Internet Marketing: Think Big, Start Small, Fail Fast & Succeed!

Very few businesses exist in a vacuum, and even start-ups come from somewhere.

Every day, thousands of new companies venture out onto the web. Whether it’s a dorm-room start-up or a new offering from a Fortune 500, each new venture seeks to drive eyeballs, gather clicks, win conversions, and generate sales through internet marketing.


And whether the new venture is a main street business or the latest offering of some multi-national firm, the truth is that there is a wealth of opportunities to build a great online business so long as one does not allow the perfect to be the enemy of the good.

With that in mind, allow me to share my three-step view on how to build a great online business:

Step One:  Think Big
This is pretty self-explanatory.  Few people start out with a mediocre vision or a plan to build a tiny business. Thinking big allows people to free themselves from constraints and get as many great ideas, including internet marketing ideas, on the table.  

It also serves to get people excited and engaged in a new idea. That said, there’s a difference between thinking big and pursuing pie in the sky ideas.  That gets us to our next step.

Step Two:  Start Small
I once met a guy who wanted to revolutionize the study aid industry by changing the way that content was created, marketed, consumed, and purchased.  He wasn’t alone in his view, but he was pretty uniquely positioned to get something done.  

He’d been in the industry for decades and knew it inside and out.  He wanted to raise a few million dollars to launch a new venture.  He clearly was thinking big.

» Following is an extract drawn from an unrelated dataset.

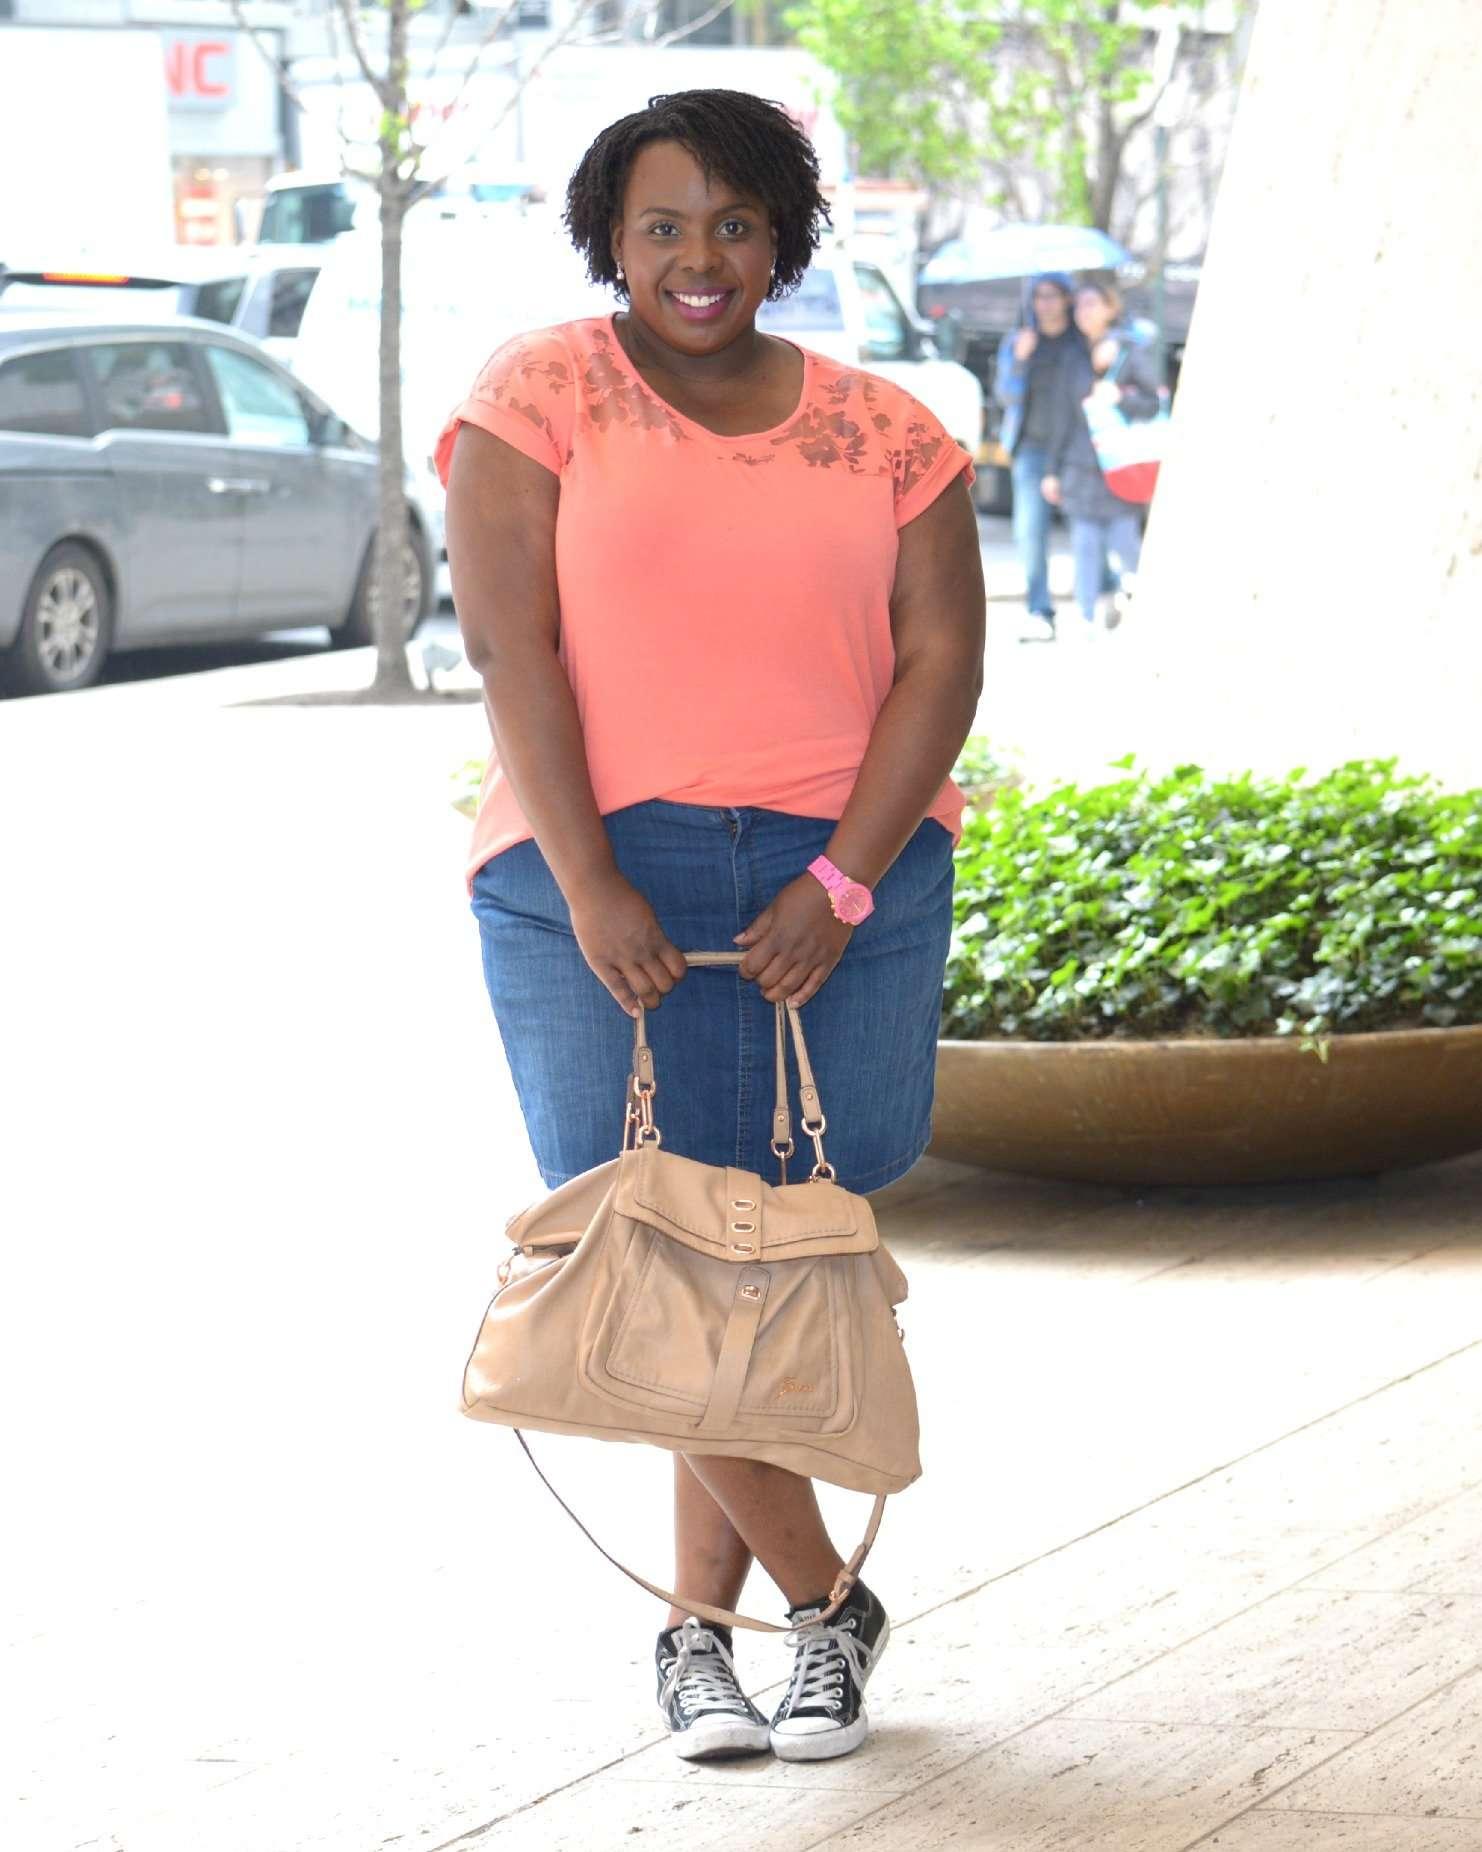 068e34ee3 Plus Size Summer Essentials: a Denim Skirt - CeCe Olisa

When I asked him what inspired the idea, he told me his former employer had just discontinued selling a series of very successful Advanced Placement (AP) study books for high school students and reverted copyright to the authors.  

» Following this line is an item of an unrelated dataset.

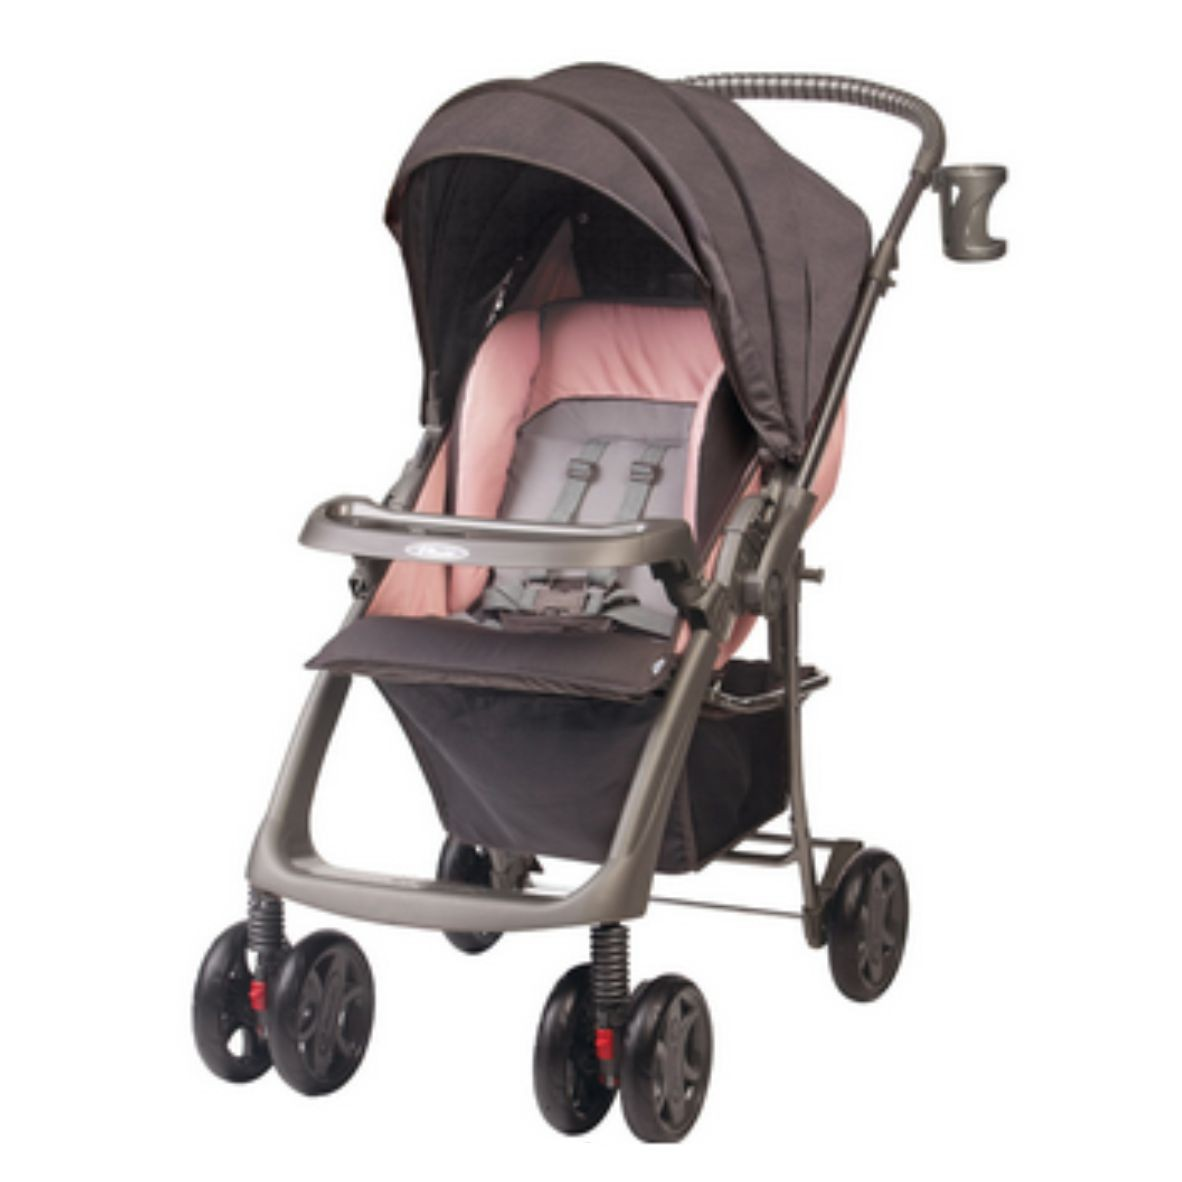 Carrinho de Bebê Premium Rubi Rosa Mate - Hércules

After a bit of discussion, I learned that he could buy out those copyrights and sell secure PDF copies of these books on Amazon for a few thousand dollars and test the waters.

That wasn’t big enough for him.  A year later, someone had started even smaller—buying warehouses full of printed materials and liquidating them on eBay, generating a few hundred thousand dollars in sales—while this guy I met was still looking for funding.

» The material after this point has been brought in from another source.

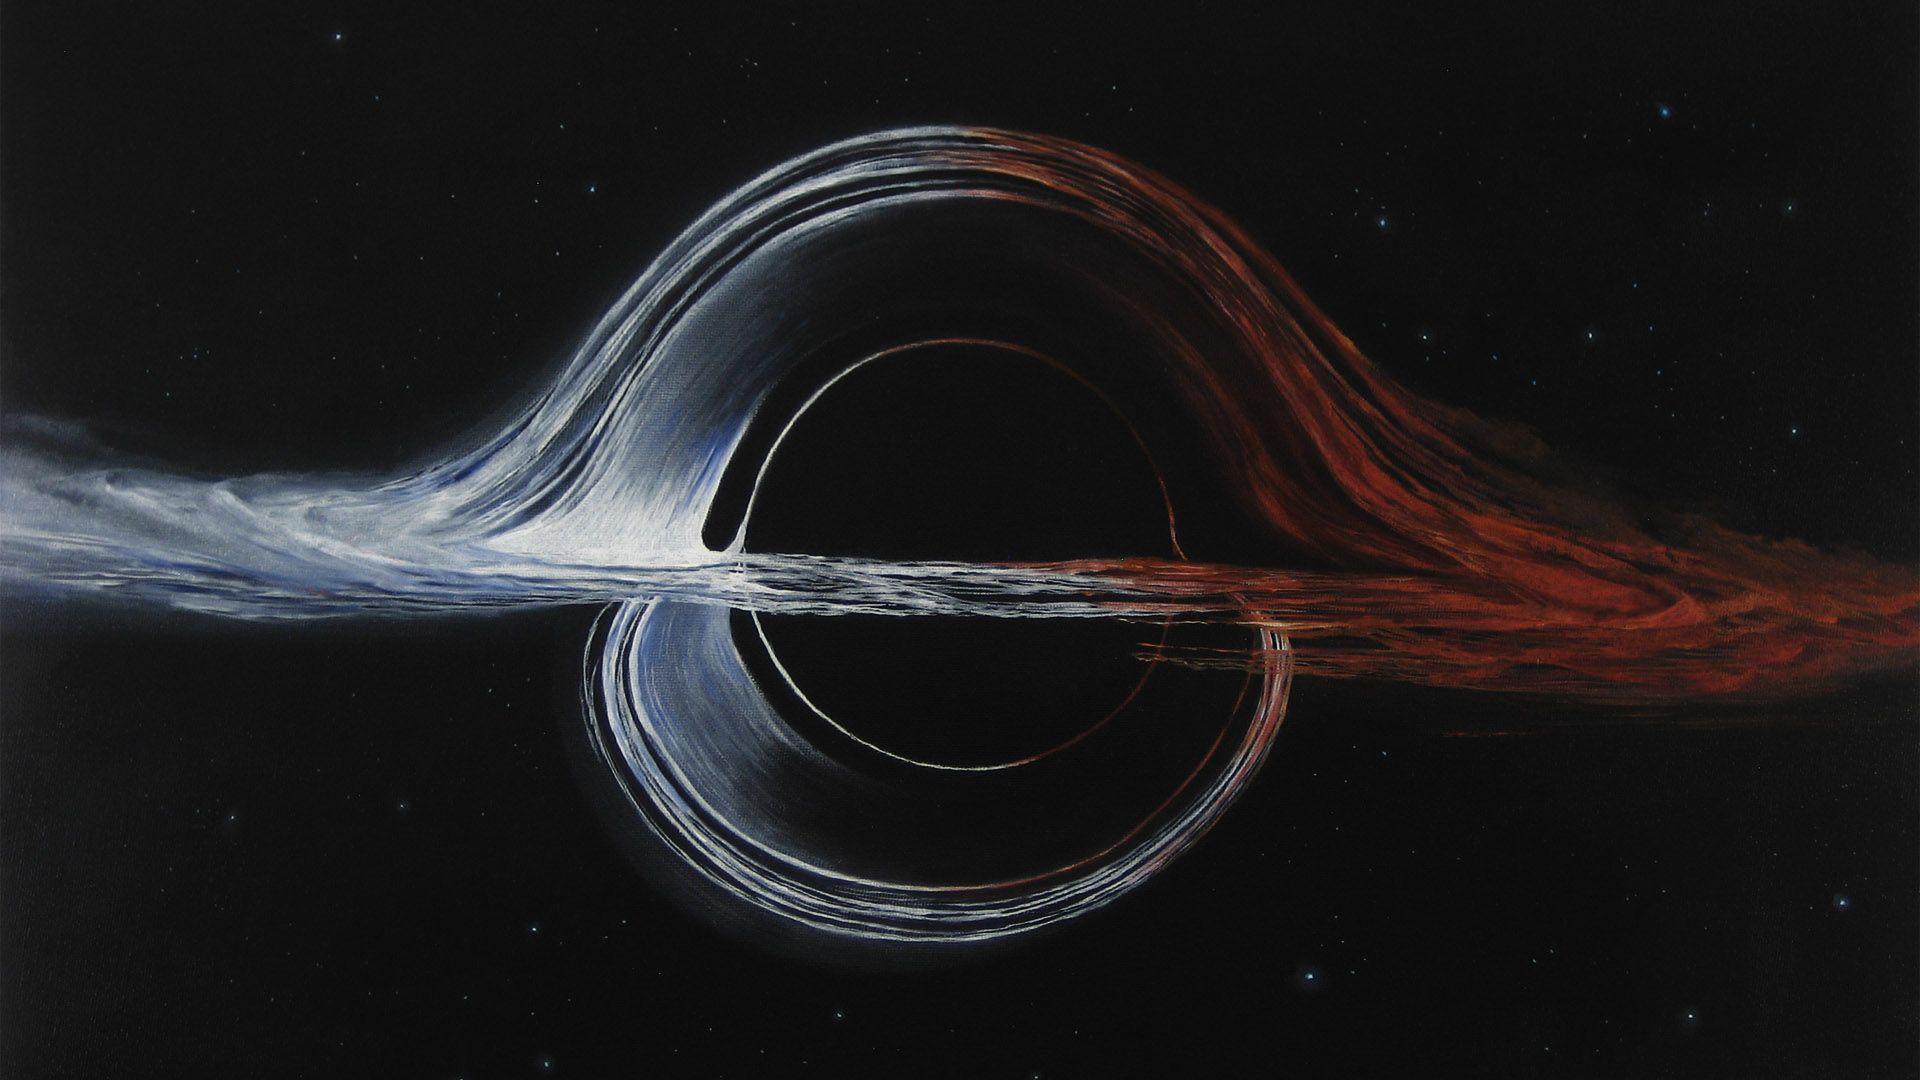 Black Hole Wallpaper Black Hole Free Black

There’s no shame in starting small.  No big successful company ever started out that way.

Step Three:  Fail Fast
It’s a cold, hard fact that failure and hardship are the means by which people learn and grow.  Failure teaches us what not to do and hardship allows us to truly value the rewards we earn.  The beauty of starting small is that our failures are then equally small.  

The key here is to understand when an experiment has run its course, cut bait and move on.  Small failures are easier to walk away from as there’s often less of an emotional desire to “turn things around” or throw good money after bad.  

The goal is not to succeed the first, second, or third time but to identify ten or twenty things that might work and then cycle through them as quickly as possible.  Think of it as A/B split testing for a new venture.

Step Four:  Succeed
This isn’t meant to be funny; very few ventures succeed in their first iteration.  Success is a process of trial and error.  The key to success is longevity, and unless you’ve got a bottomless pit of money (or an unlimited corporate budget), you’ll need to stretch your resources as far as possible.

In my own travels, I’ve had more than my fair share of clients who have turned to me after having dumped enough money to buy a house into a failed digital venture.  In many cases, my clients believed that they had a flawed strategy or a bad idea.  In most cases, it was more about execution.

Sometimes people are shocked to hear that a few free web services and a five page micro site can serve as a pretty good internet marketing starting point for a new venture. Consumer grade web services may not be scalable, but until you know that your venture will succeed, what’s there to scale?